マドリードで抹茶を「5分の儀式」と売る元ファッション起業家
マドリードの起業家マリア・ジャネサは、アレキサンダー・ワンでの勤務から日本の宇治の山々へと視野を移した[3]。ICADAで経営学を修め、パーソンズでマーケティングを学んだ後、自らのファッションブランド「アロ・ヌイ」を立ち上げたが、ニューヨークでウェルネス文化に触れ、抹茶と出会った[3]。「コーヒーはとても神経質になったが、この挽いた緑の葉のお茶は一日を通して持続するエネルギーをくれた」と彼女は話す[3]。スペインに戻り「提案も質も」納得できる抹茶を見つけられなかった彼女は、母親を伴って供給元を探し、日本の有機・儀式用の良質な茶を輸入する「コズミック・マッチャ」を始めた[3]。ジャネサは日本について「準備は儀式であり、存在の瞬間だ。あなたの5分間なのだ」と語る[3]。ファッションの世界に7年いたが難しく、抹茶は前の事業とは違い数週で動いたという[3]。緑の粉末を泡立てる細い竹箒の音と、碗から立つ青草のような匂いが、マドリードのインスタ映えする wellness 空間に日本の静けさを運び込んでいる[3]。
背景を少し
スペインの休暇を巡る数字には地域差が大きい。国立統計局(INE)の「生活条件調査」によると、2026年7月時点で年1週間の休暇も払えない人は全体の32%だが、アンダルシアとムルシアでは40%を超え、カナリアとカスティージャ・ラ・マンチャも38%以上という[4]。逆にバスクは19%、マドリードは21.4%にとどまる[4]。この割合は2016年の40%超から下がり、この10年で最低だが、夏の支出は上がっている[4]。スペイン人は7〜9月に平均6日余りを休むが、コロナ後は1人当たり28%多く使い、2025年には歴史初めて700ユーロ(約11万3,000円)を超えた[4]。外国人旅行者は1,321ユーロ(約21万3,000円)以上をスペインの夏に費やす[4]。給与の伸び悩みと宿泊・飲食の高騰が、低所得層には休息を遠ざけている[4]。
日本から見ると
バルセロナの14万人のパレードも、ロカ兄弟の18ユーロの定食バーも、マドリードの抹茶も、スペインの生活者が「祝い」「味」「静けさ」を街の密度で楽しもうとする姿だ。

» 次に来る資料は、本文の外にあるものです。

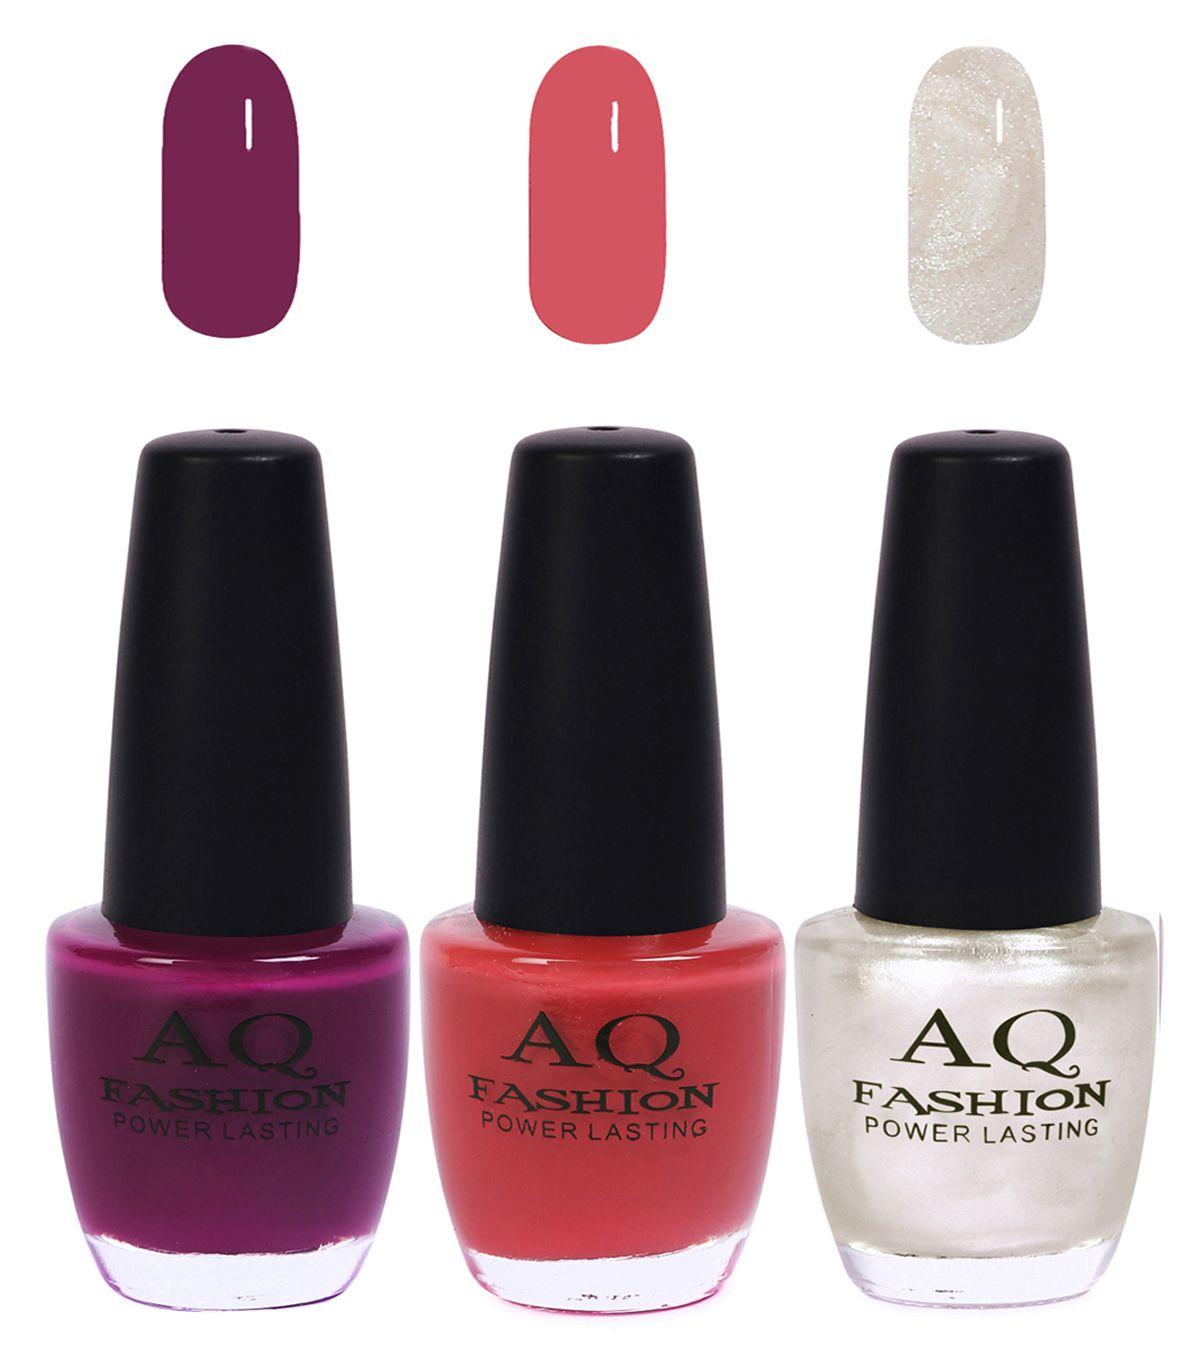 AQ Fashion Nail Polish Neon Colors Matte 36 ml

日本では祭りや路地の立ち飲み、茶道の所作もあるが、休暇が取れない層の割合はスペインほど統計で報じられてこなかった。スペインで3人に1人が1週間の旅行を断念する一方、日本人の多くも夏の移動にコストを感じる。美食のシェフがカウンターに戻る動きや、日本の儀式がマドリードで「5分」として受容される様子は、私たちが日常の中に小さな休息をどう作るかを改めて考えさせる。異国の祝祭と壁を並べて見ると、休むことの格差は国境を越えた問いだ。